Sometimes soft liquid droplets can potentially erode hard surfaces. This phenomenon- drop impact- dictates many significant natural, environmental, and engineering processes and calls for substantial prevention and preservation efforts. However, despite several studies on the kinematic features of impacting drops over the last two decades, the dynamic process that leads to drop-impact erosion remains unclear.

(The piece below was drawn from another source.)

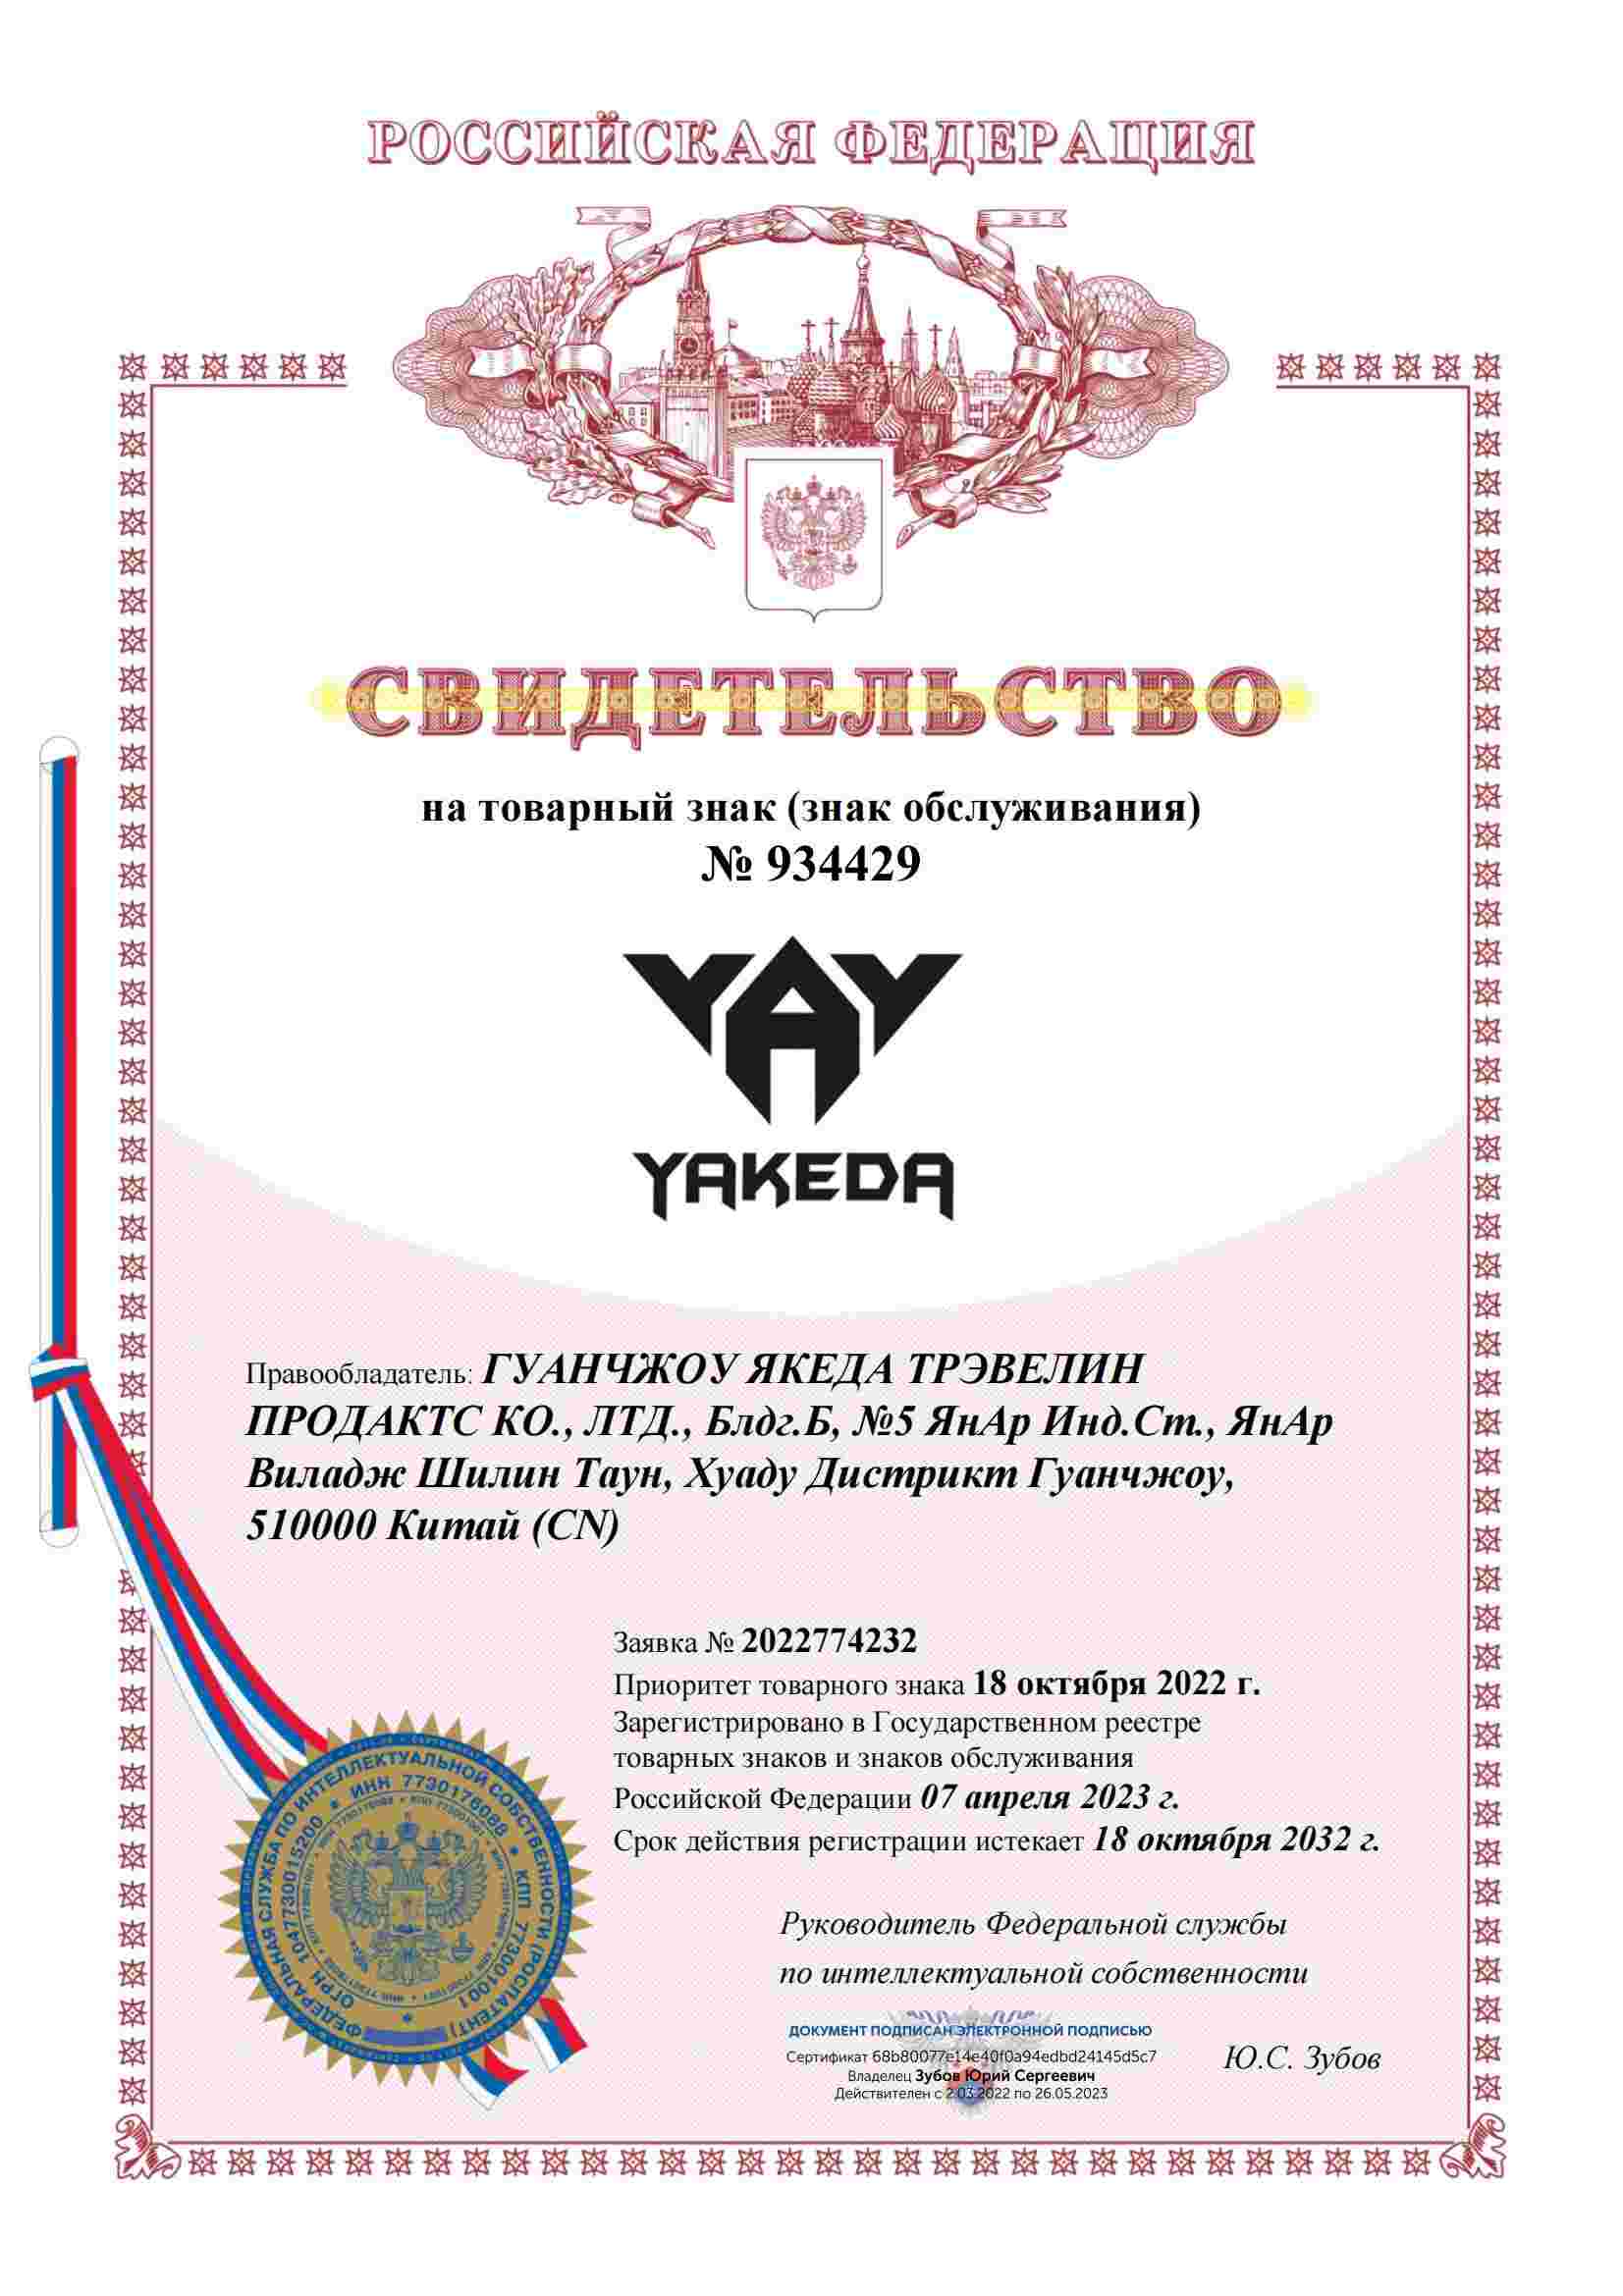 Russia Trademark Certificate

In a first-of-its-kind study led by the University of Minnesota Twin Cities, scientists solved this mystery. They developed a new method of high-speed stress microscopy to measure hidden quantities such as the shear stress and pressure created by the impact of liquid droplets on surfaces.
By using this new method, scientists could directly measure the force, stress, and pressure underneath liquid drops as they hit surfaces. They found that the force exerted by a droplet spreads out with the impacting drop. Plus, the speed at which the droplet spreads out exceeds the speed of sound at short times, creating a shock wave across the surface.
When the droplet hits a hard surface, it acts as a small bomb. It releases its impact energy explosively and gives it the force necessary to erode surfaces over time.
Xiang Cheng, senior author of the paper and an associate professor in the University of Minnesota Department of Chemical Engineering and Materials Science, said, “There are similar sayings in eastern and western cultures that ‘Dripping water hollows out a stone.’ Such sayings intend to teach a moral lesson: ‘Be persistent. Even if you’re weak, when you keep doing something continuously, you will make an impact.'”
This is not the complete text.